# Given material
-*-*-
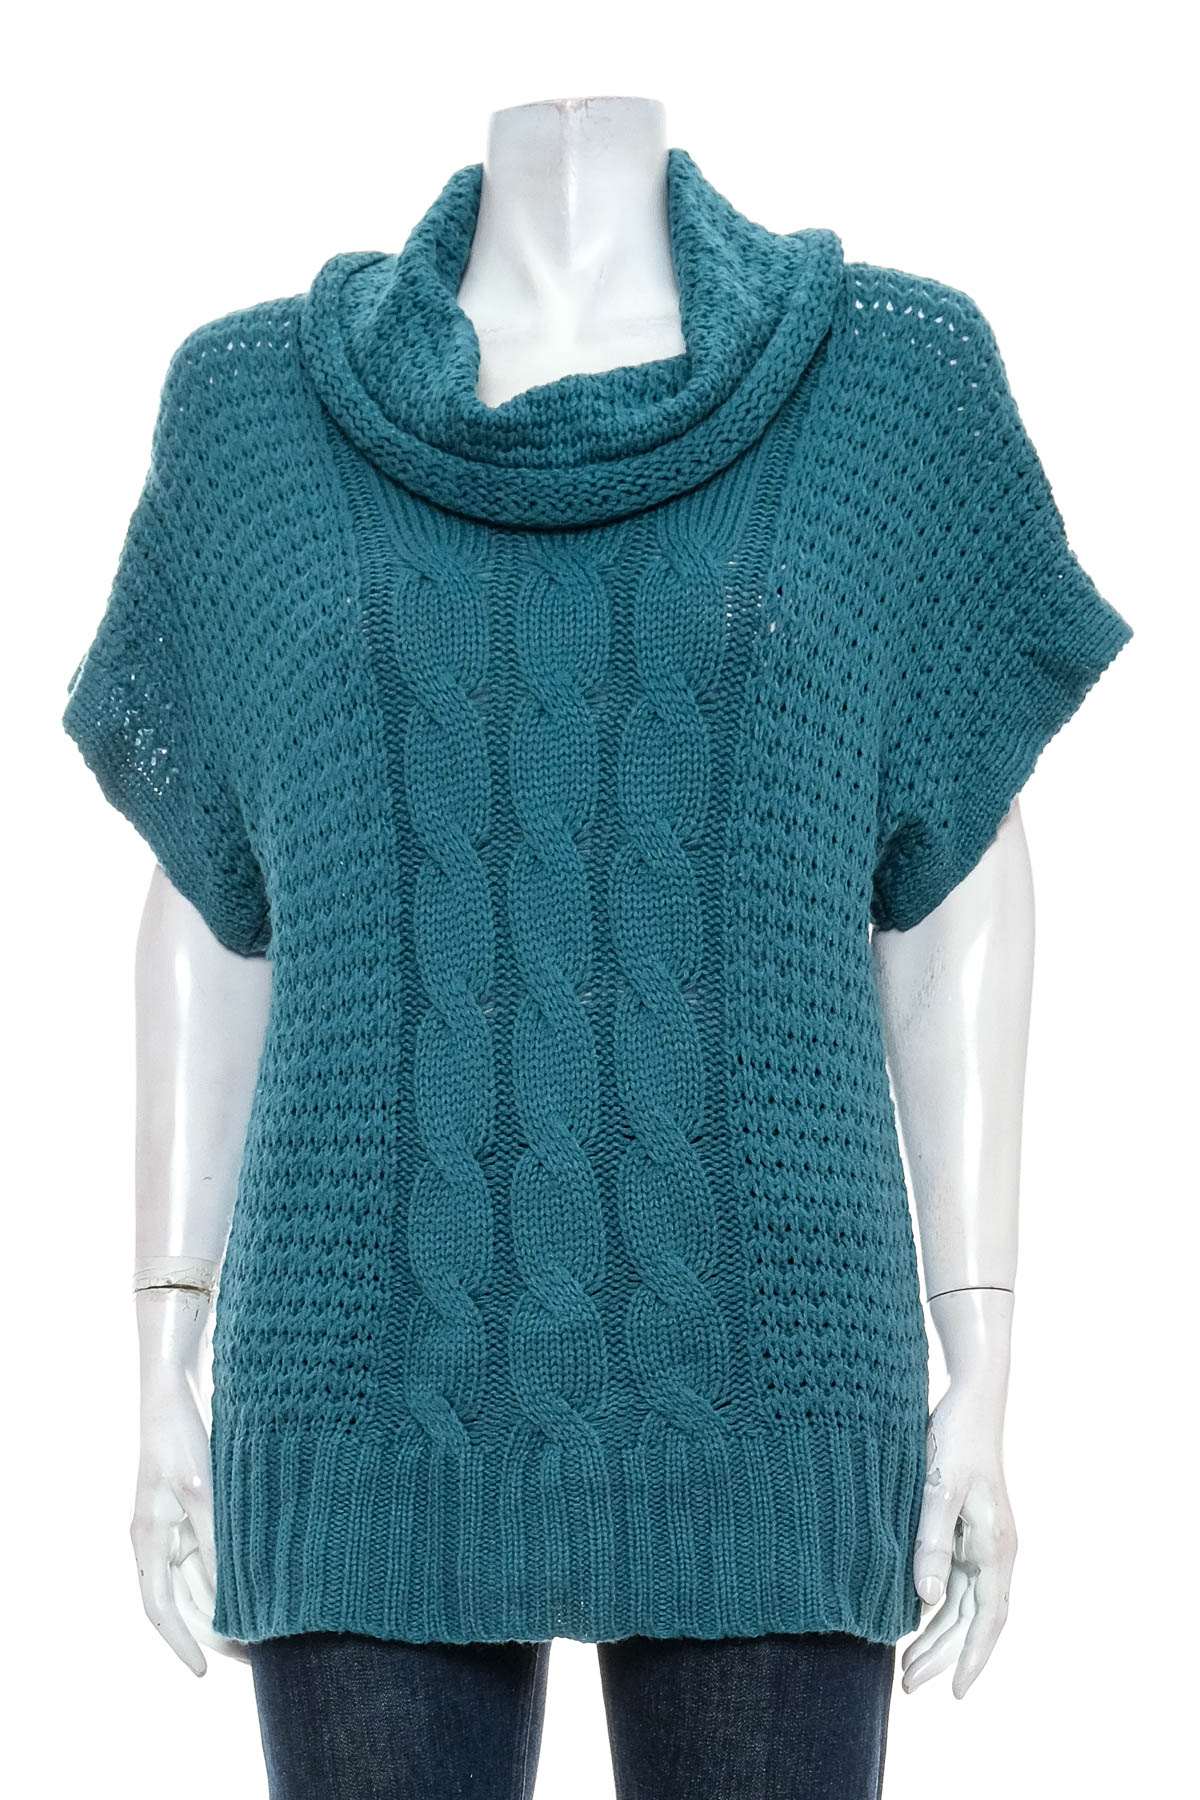 Women's sweater - Gina Laura - 0
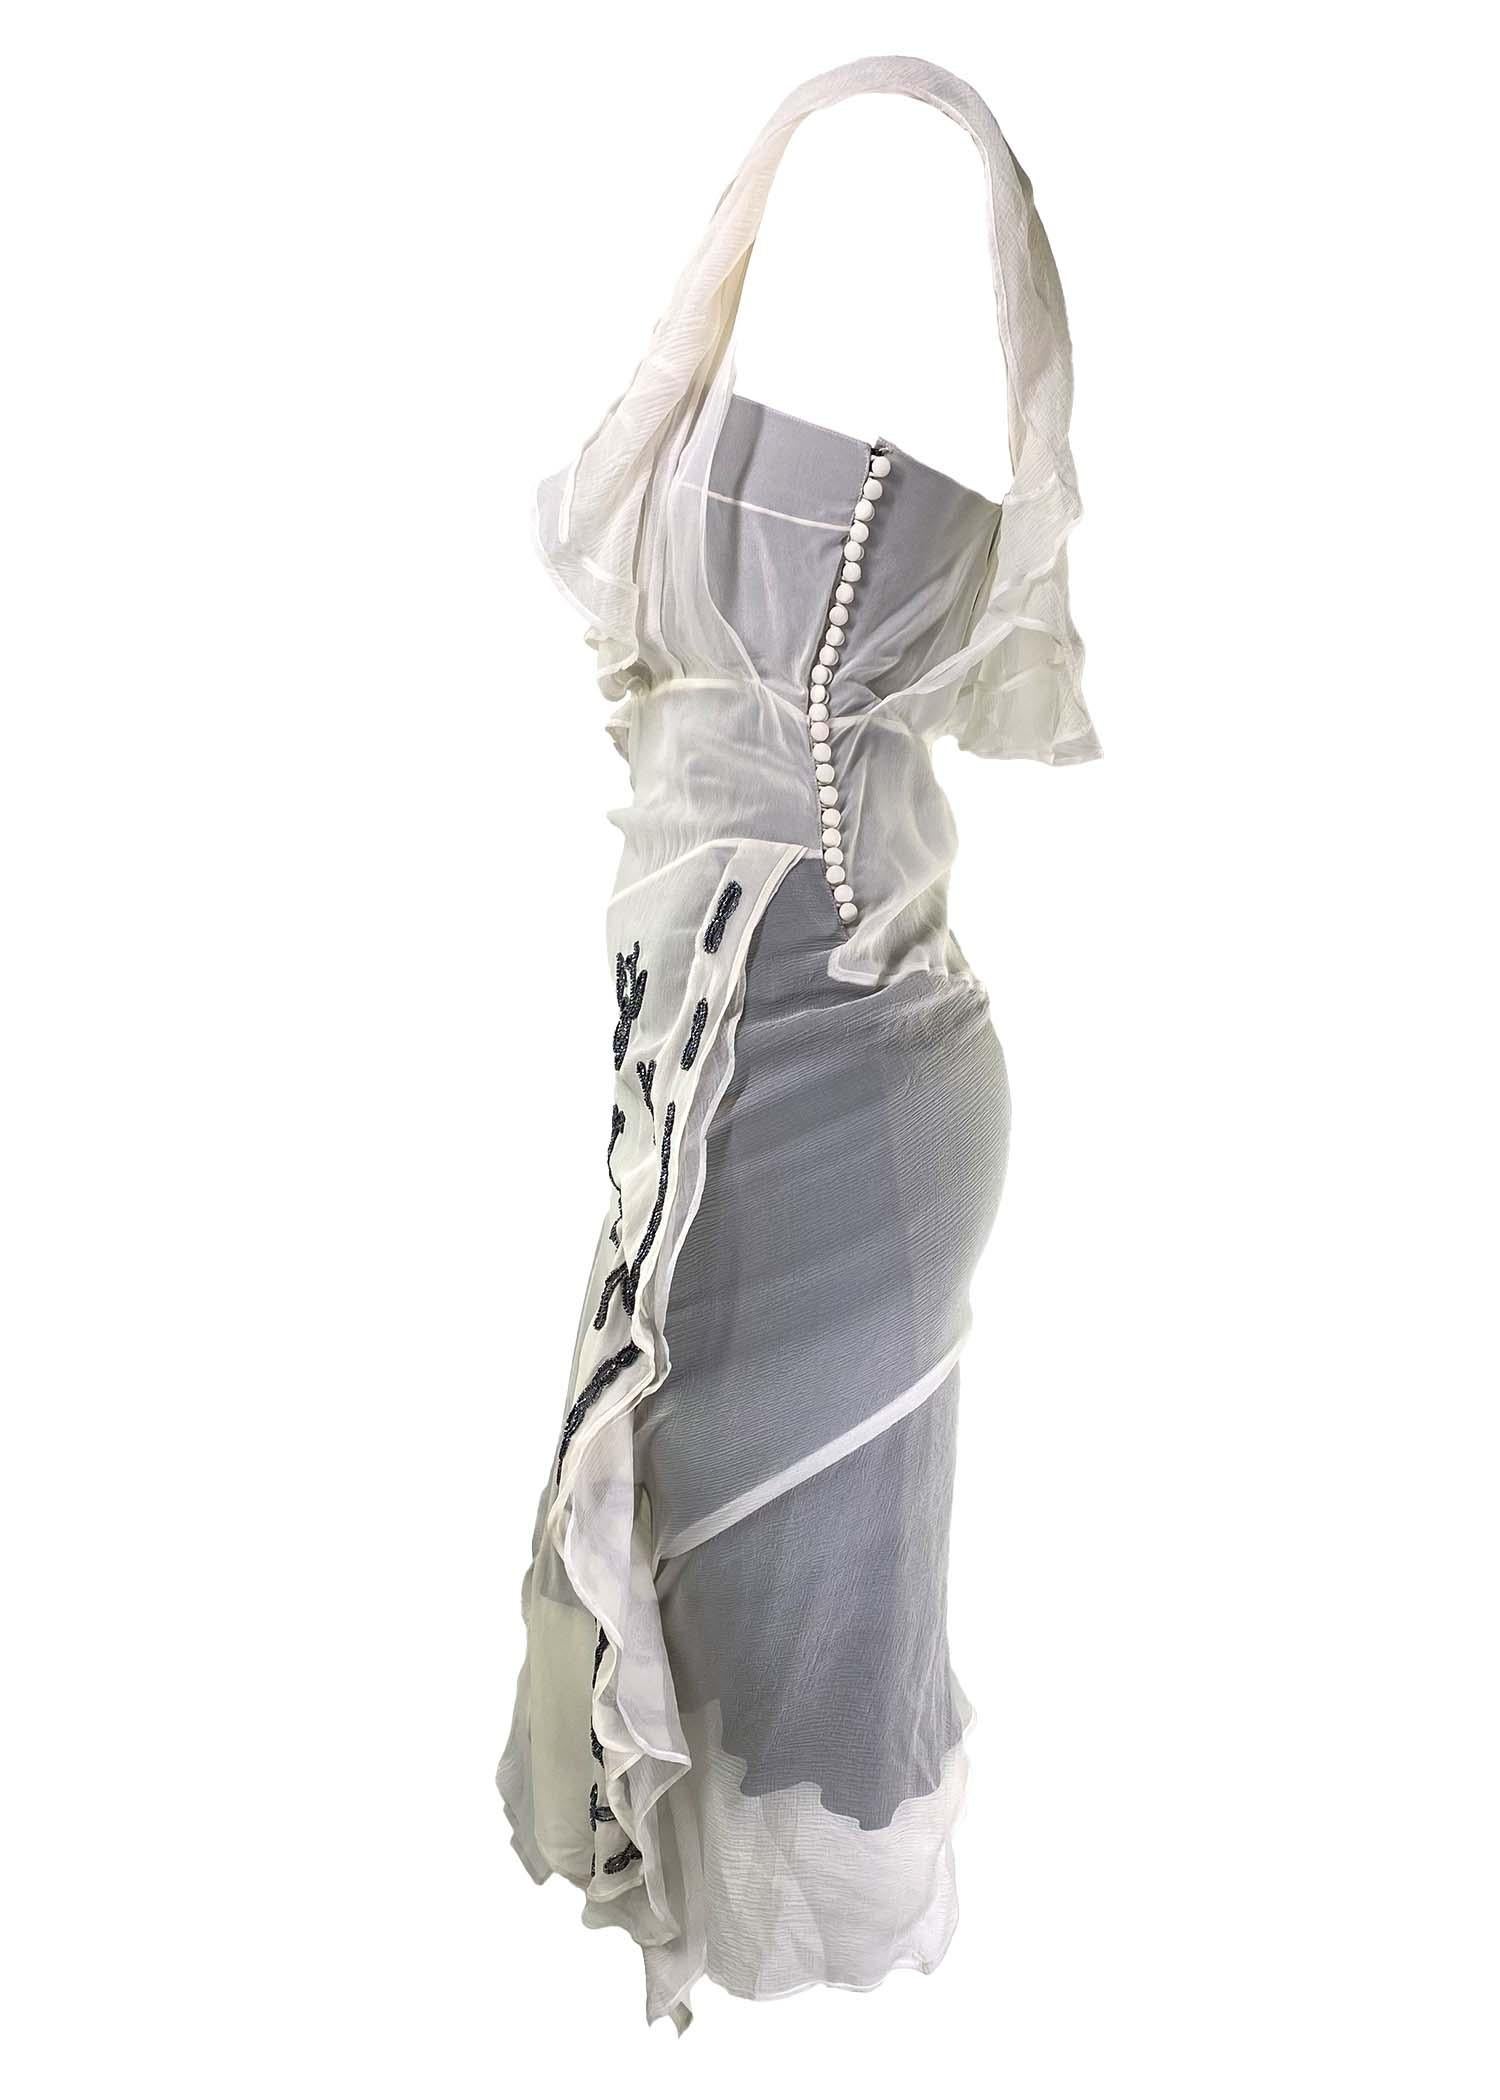 Voici une superbe robe en mousseline de soie avec un motif floral perlé, conçue par John Galliano. Cette robe Dior a été créée pour la collection automne/hiver 2006. Composée d'un jupon sombre et d'une légère mousseline de soie fluide sur le dessus,
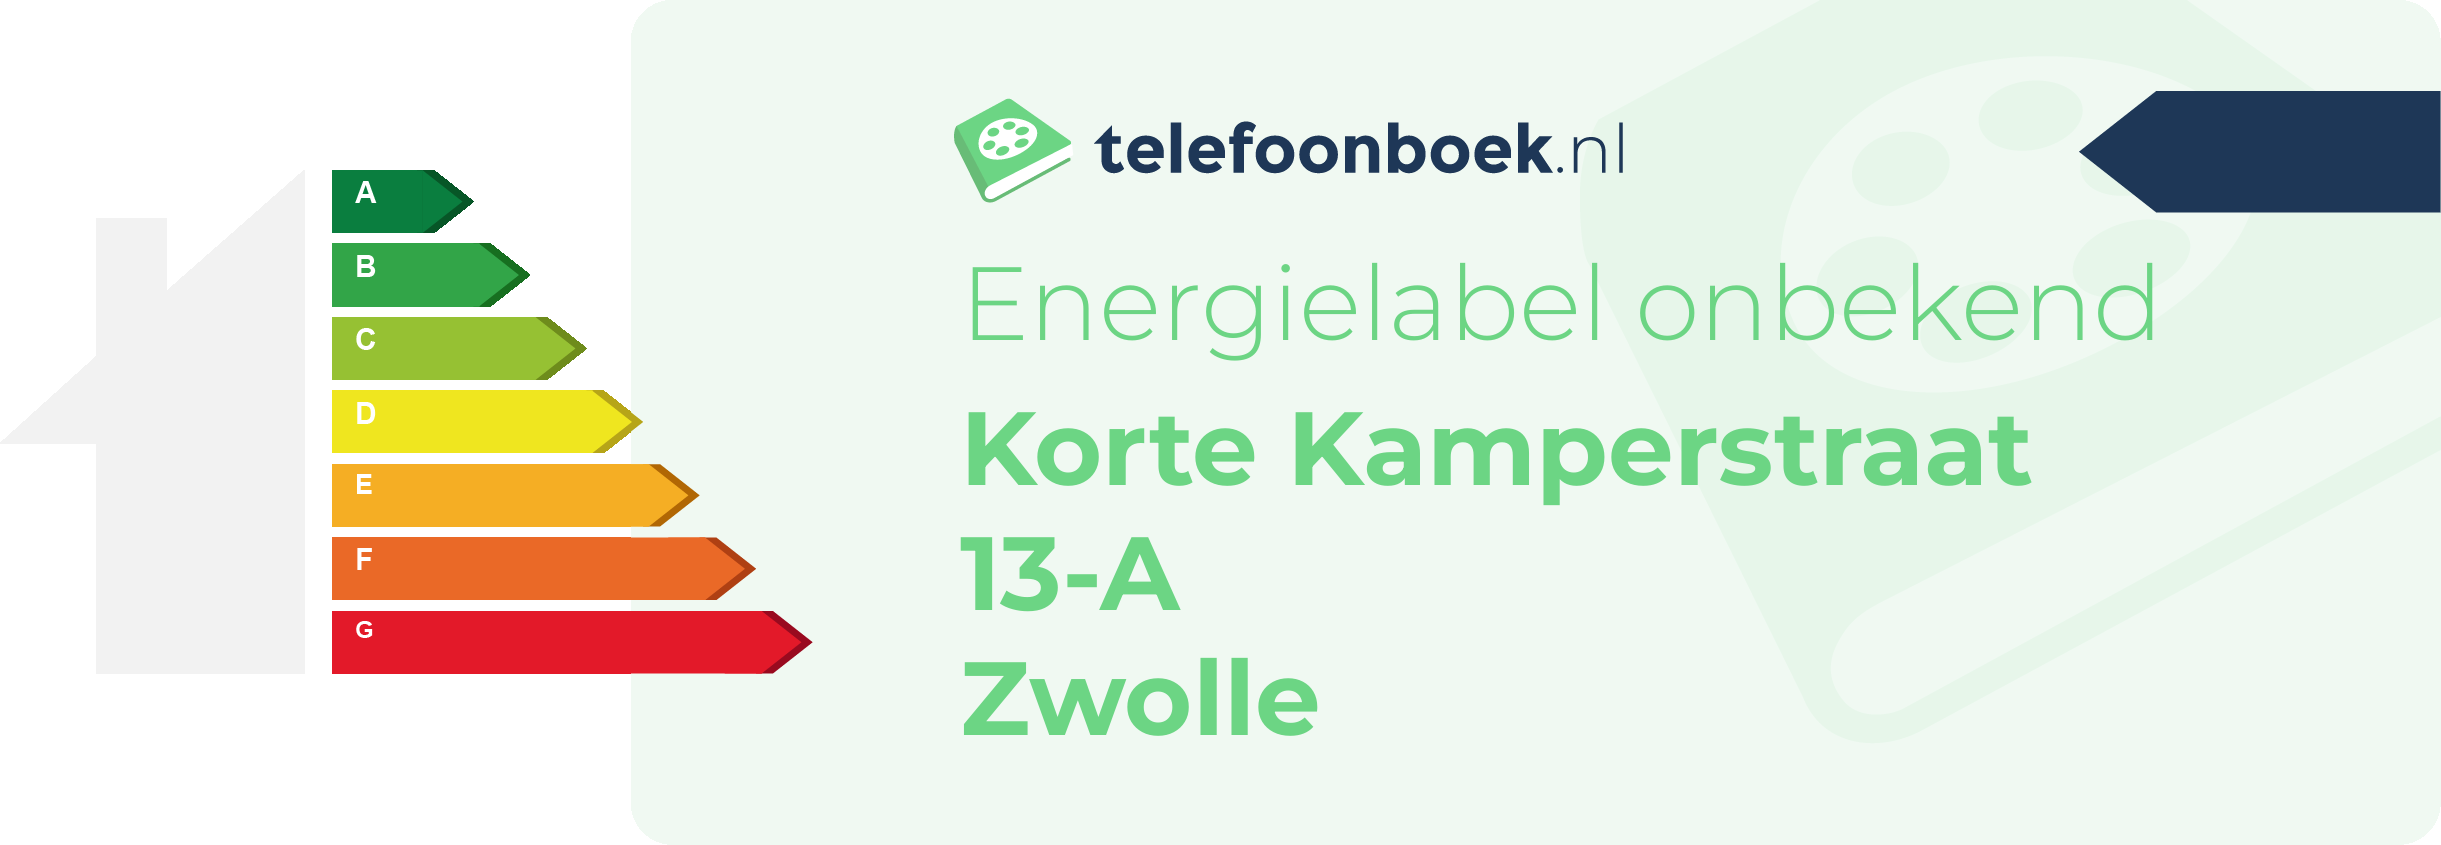 Energielabel Korte Kamperstraat 13-A Zwolle
-*-*-
Transcribe the whole listing exactly. Pictures stay out of your copy.

# Task response
 Women's sweater - Gina Laura - 0
 Voici une superbe robe en mousseline de soie avec un motif floral perlé, conçue par John Galliano. Cette robe Dior a été créée pour la collection automne/hiver 2006. Composée d'un jupon sombre et d'une légère mousseline de soie fluide sur le dessus,
 Energielabel Korte Kamperstraat 13-A Zwolle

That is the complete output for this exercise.